From the listing that follows, output everything exactly except the pictures.
----- GIVEN MATERIAL
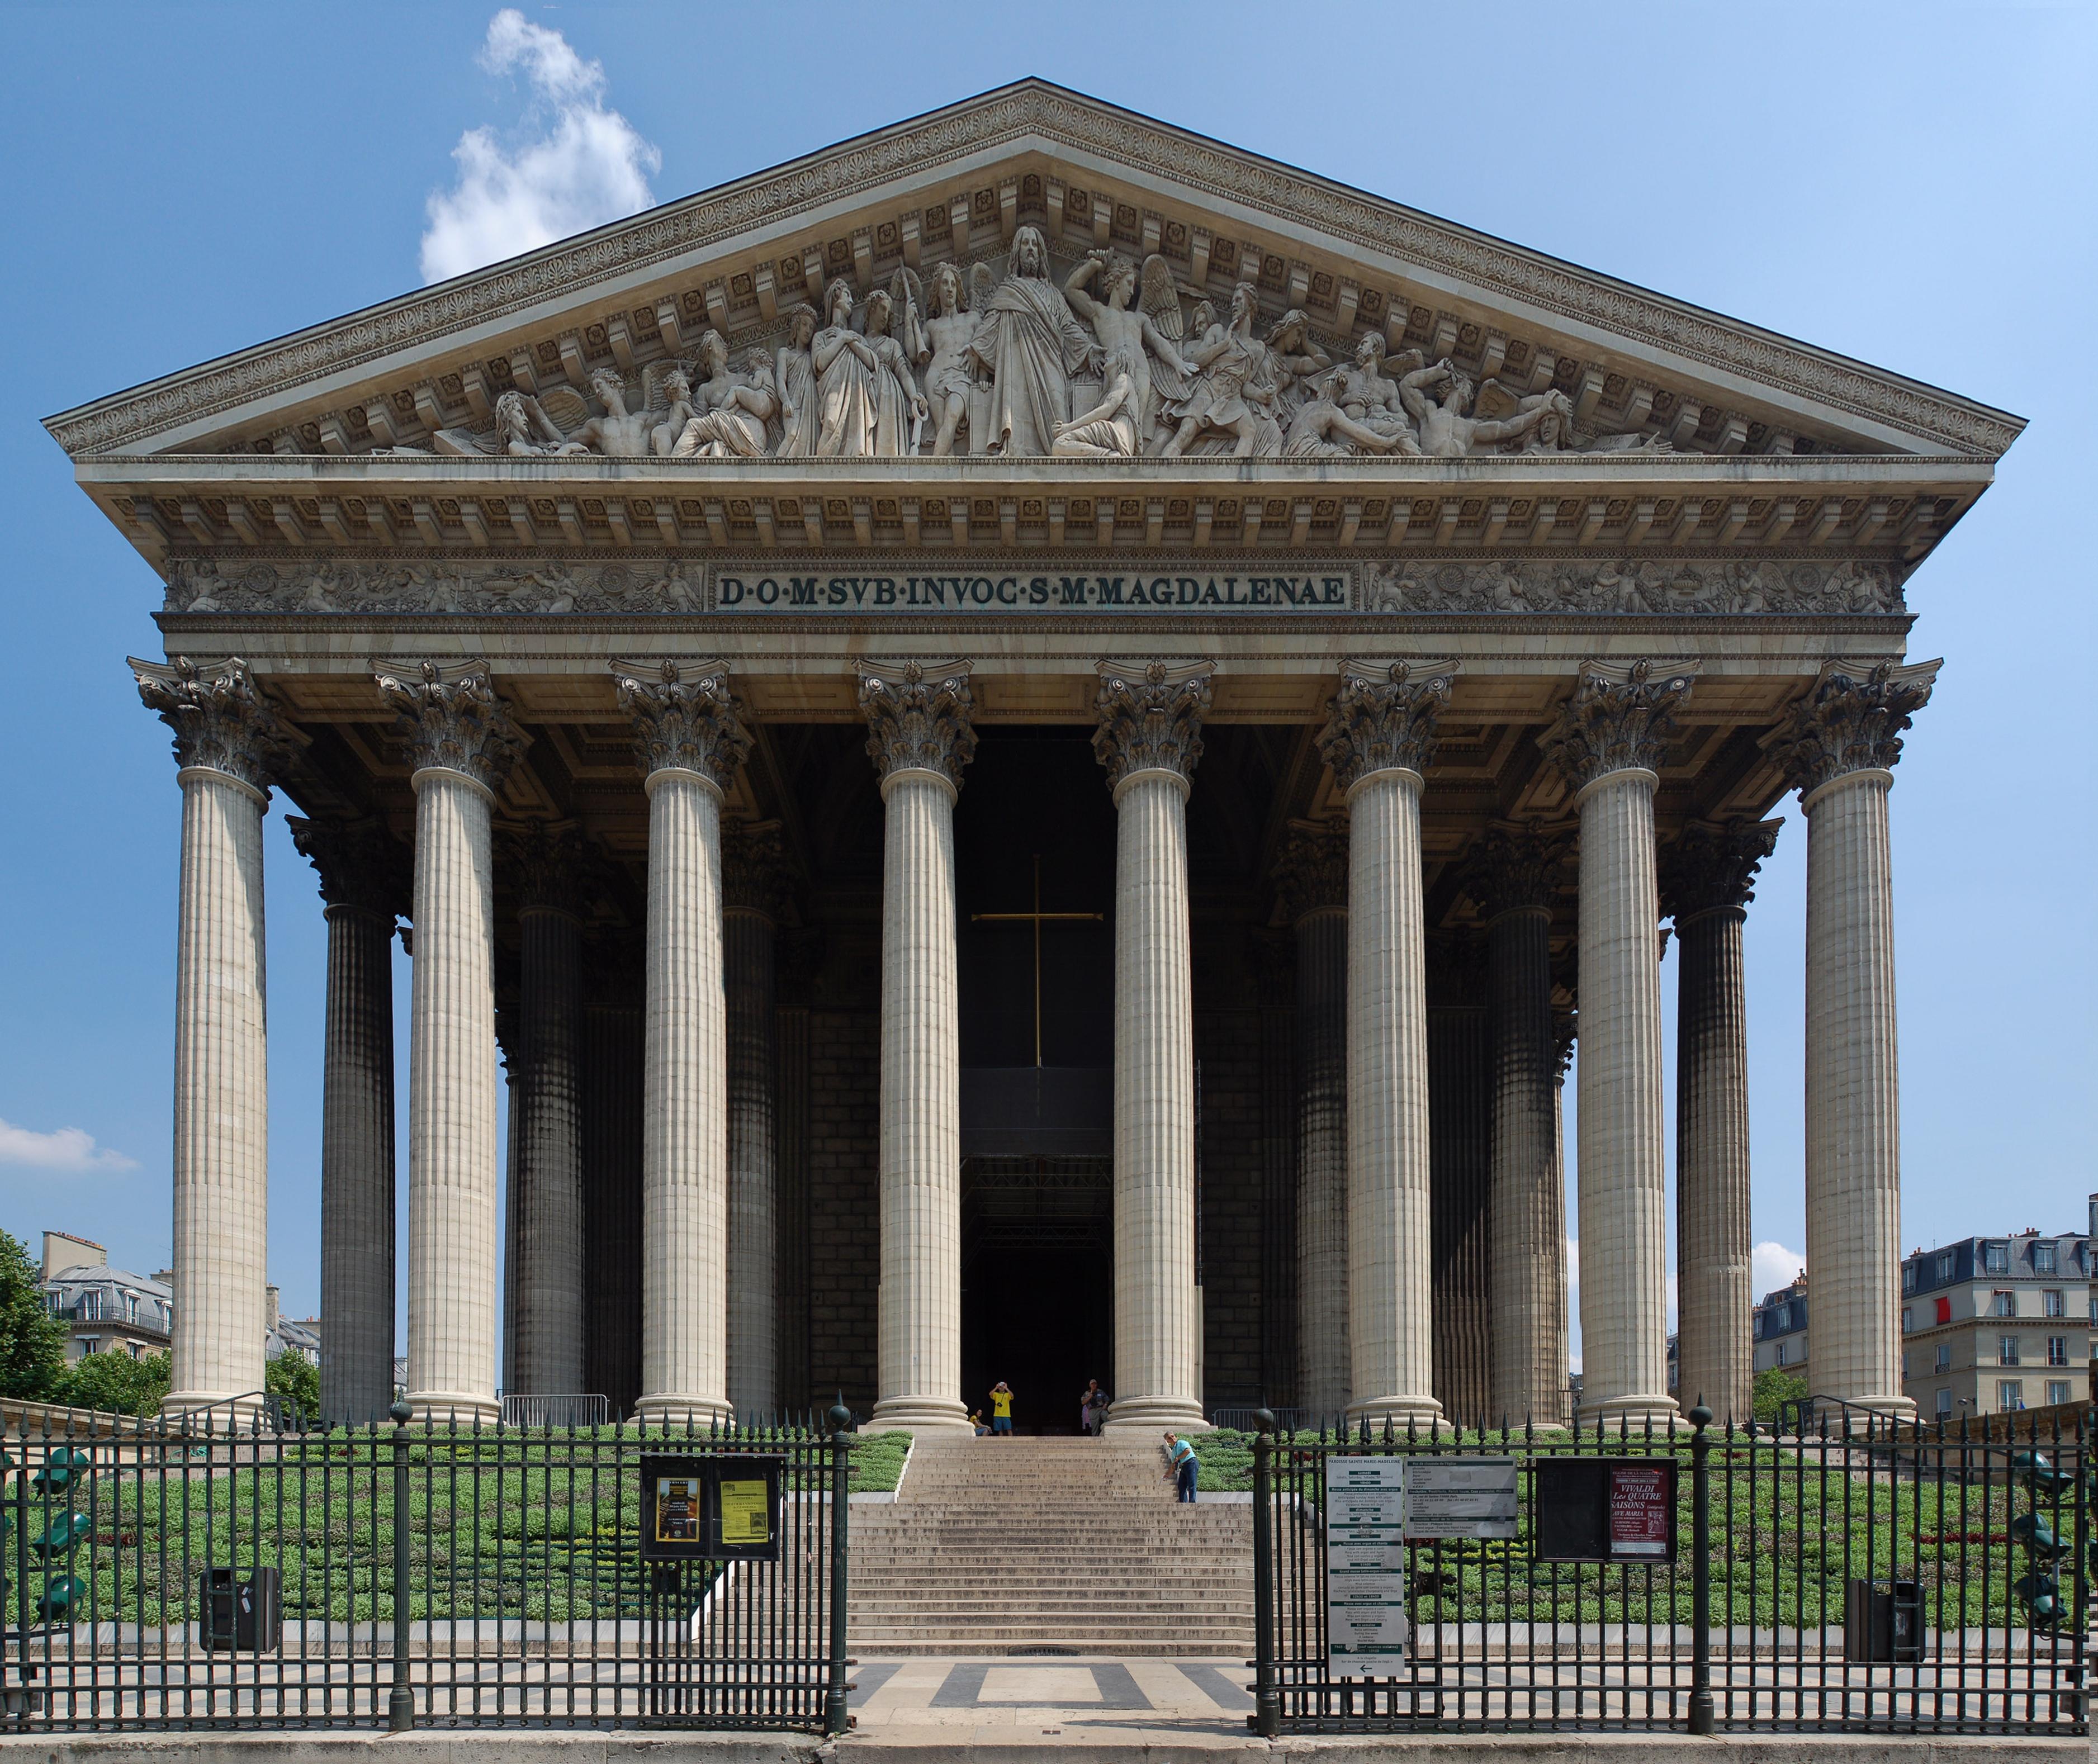 eglise de la madeleine in paris a temple to the glory of napoleon s grande armee
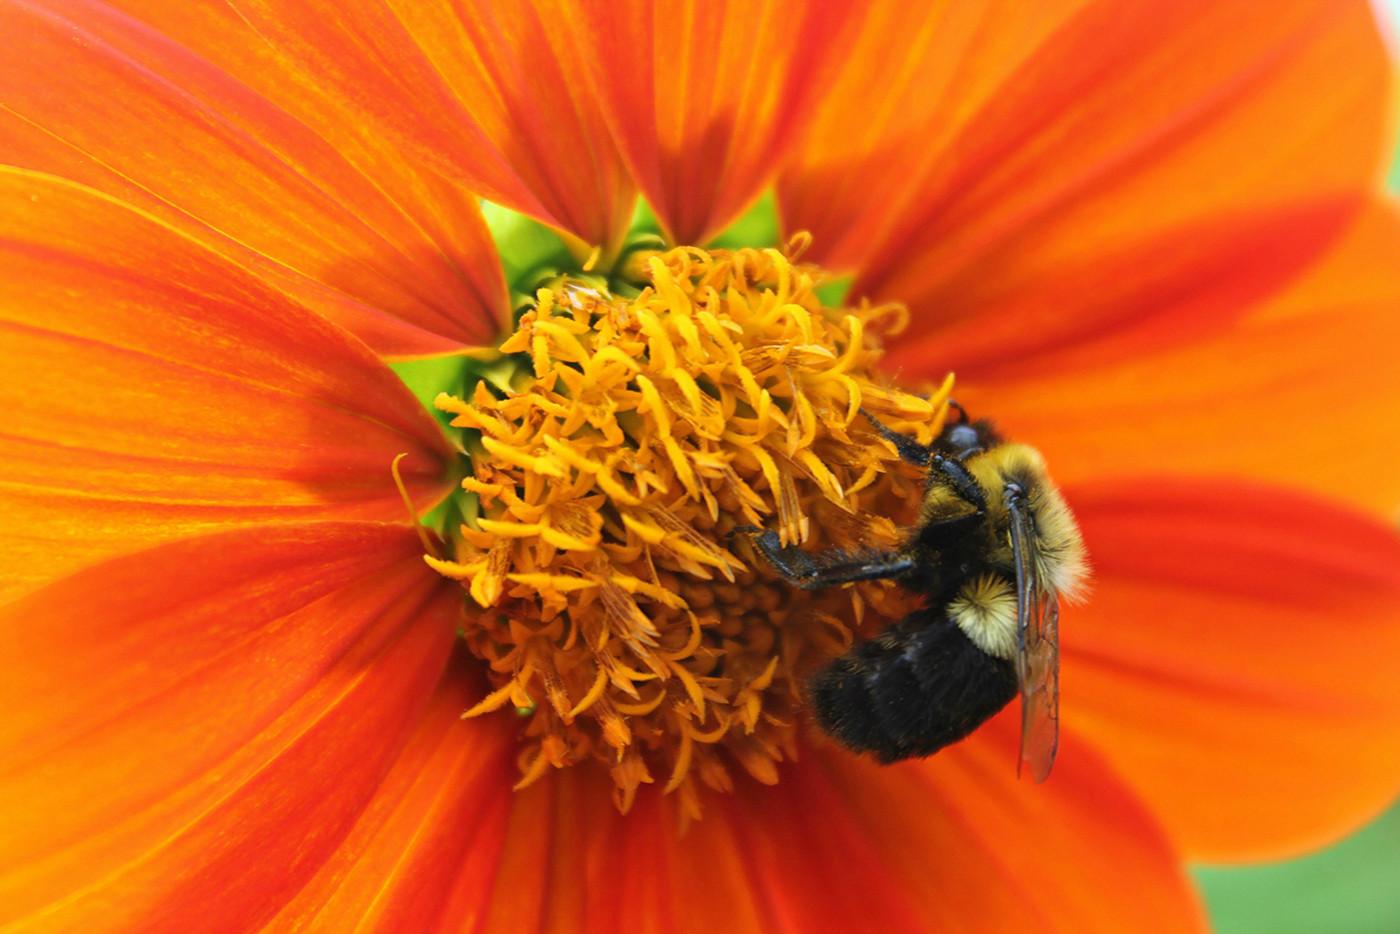 Busy Bee_Cheryl Martinelli_24.5_24.5.jpg
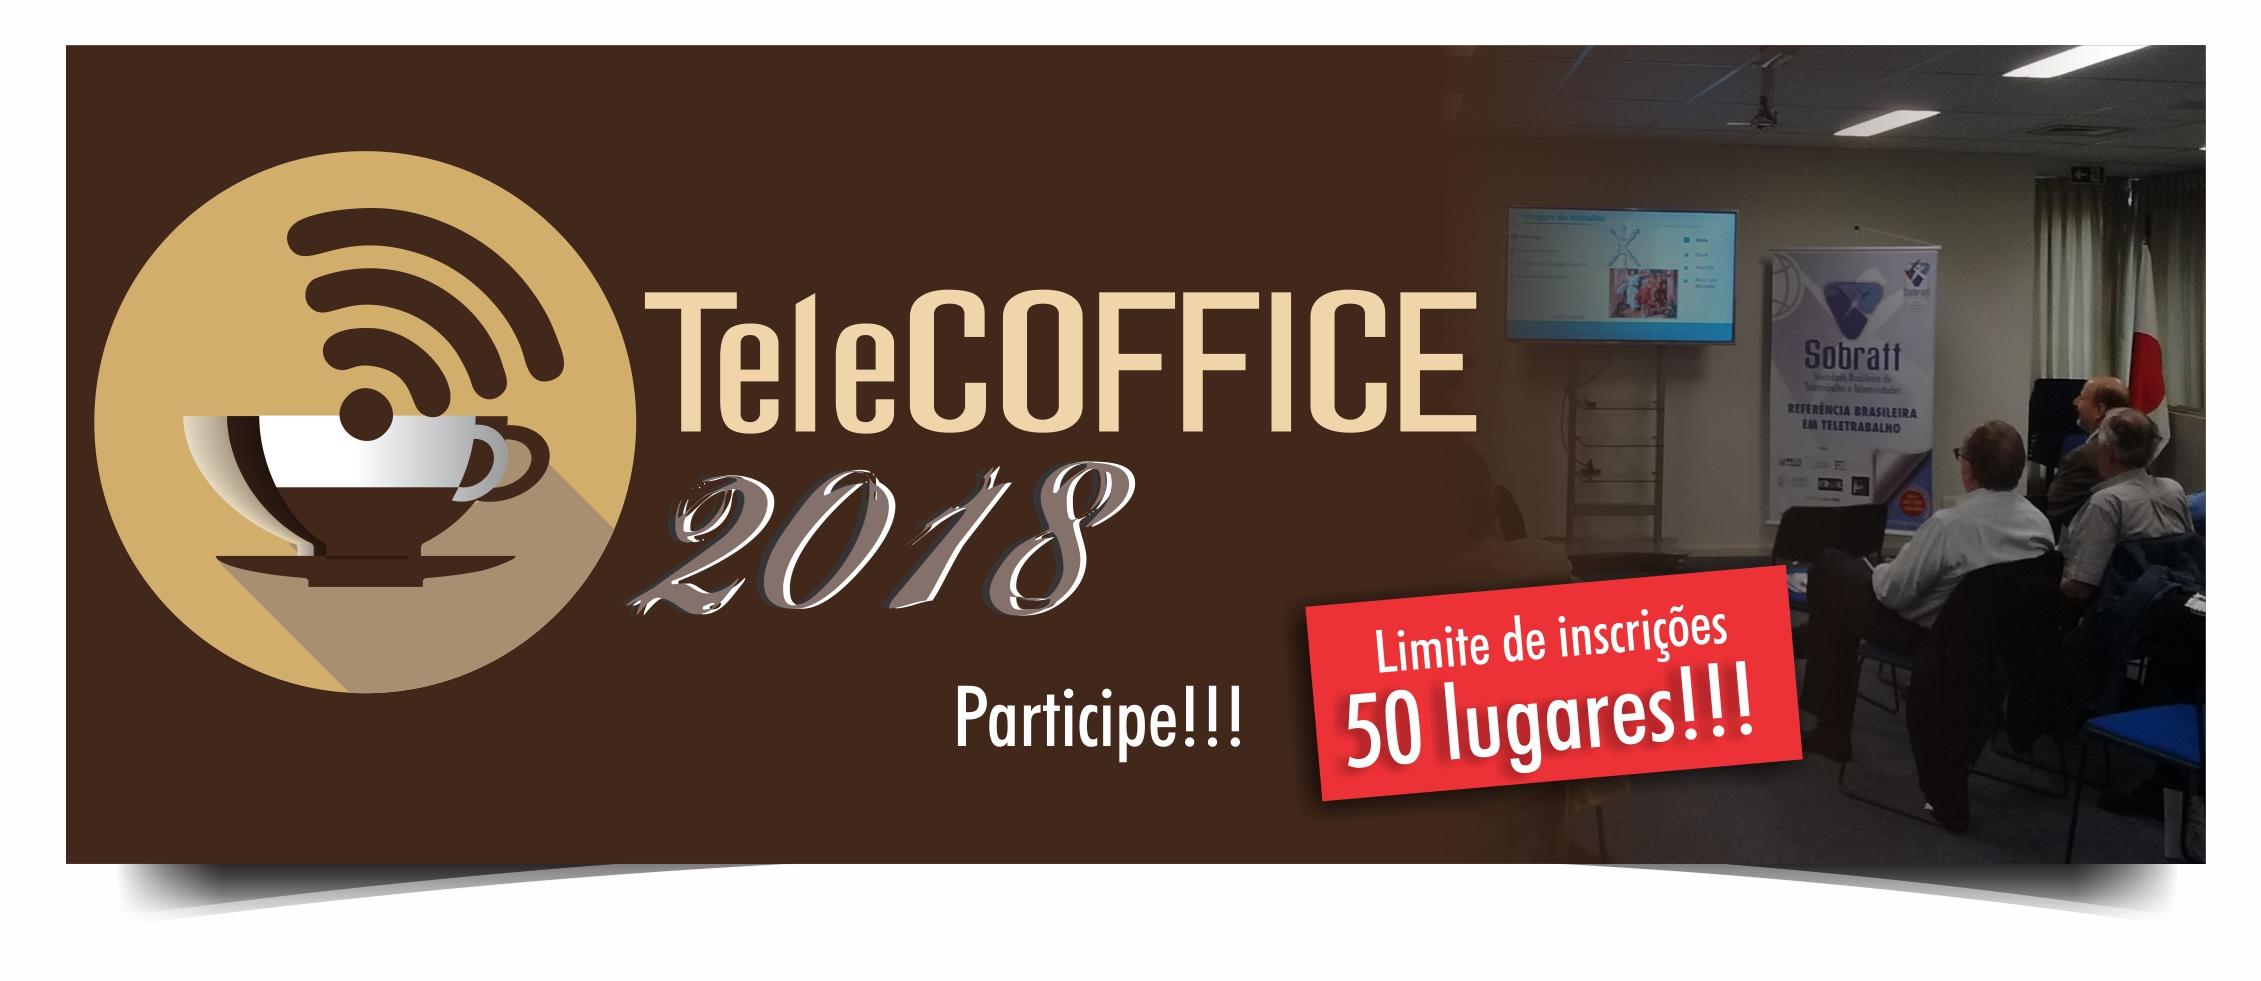 280518_AF_TELECOFFICE_MAIO_CRA_TESTEIRA
----------
* [EXERCISE SOLUTION]
 eglise de la madeleine in paris a temple to the glory of napoleon s grande armee
 Busy Bee_Cheryl Martinelli_24.5_24.5.jpg
 280518_AF_TELECOFFICE_MAIO_CRA_TESTEIRA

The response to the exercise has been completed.